Они глядели на меня, будто изучали. Толик как-то по-особенному и разрешительно произнес:

– При нем можно.

Горяев с интересом посмотрел на меня и уставился в тарелку с бутербродом, будто впервые его увидел. А Толик сказал:

– Ты говоришь, Забайкалье? Но я там бывал… В Усть-Баргузине и на Ольхоне, в Култуке… Это все там?

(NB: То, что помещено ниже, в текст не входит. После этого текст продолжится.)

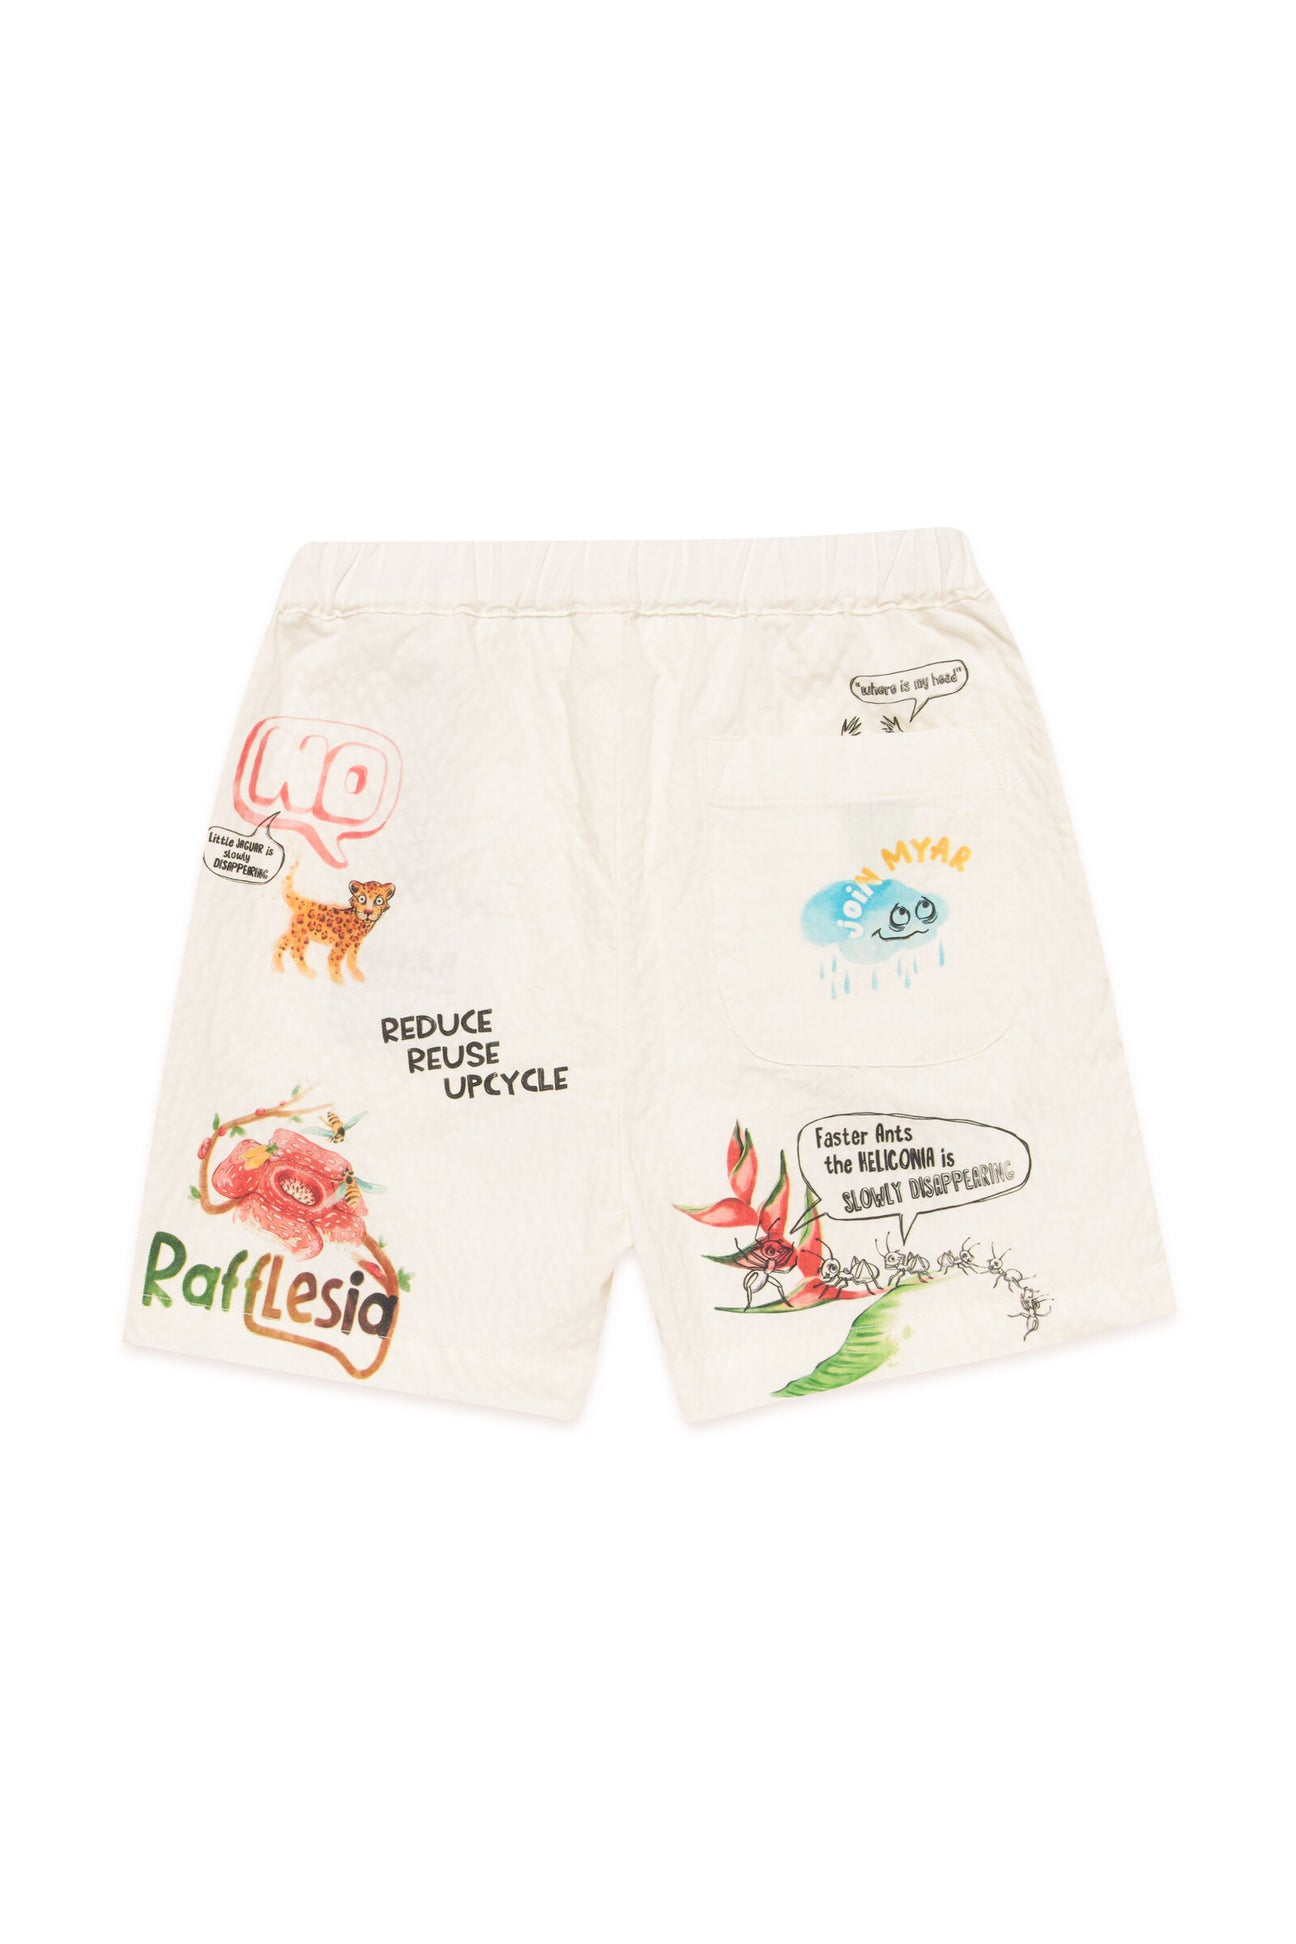 Deadstock white shorts with digital prints Deadstock white shorts with digital prints

– Примерно, – кивнул Горяев, не сводя глаз с бутерброда, и медленно, будто подыскивая слова и даже по временам заикаясь, стал рассказывать, что именно в Забайкалье он окончил летное училище – Улан-Удинское, а потом их прямиком на Сахалин, где в последний год войны стояли они грудь в грудь с япошками, которые что ни ночь дергали их за нервы, не давали свободно вздохнуть, и только в сорок пятом в какой-то момент их скрутили… Но он-то сам был уже далеко.

– Далеко? – спросил Толик. – Но не дальше Колымы?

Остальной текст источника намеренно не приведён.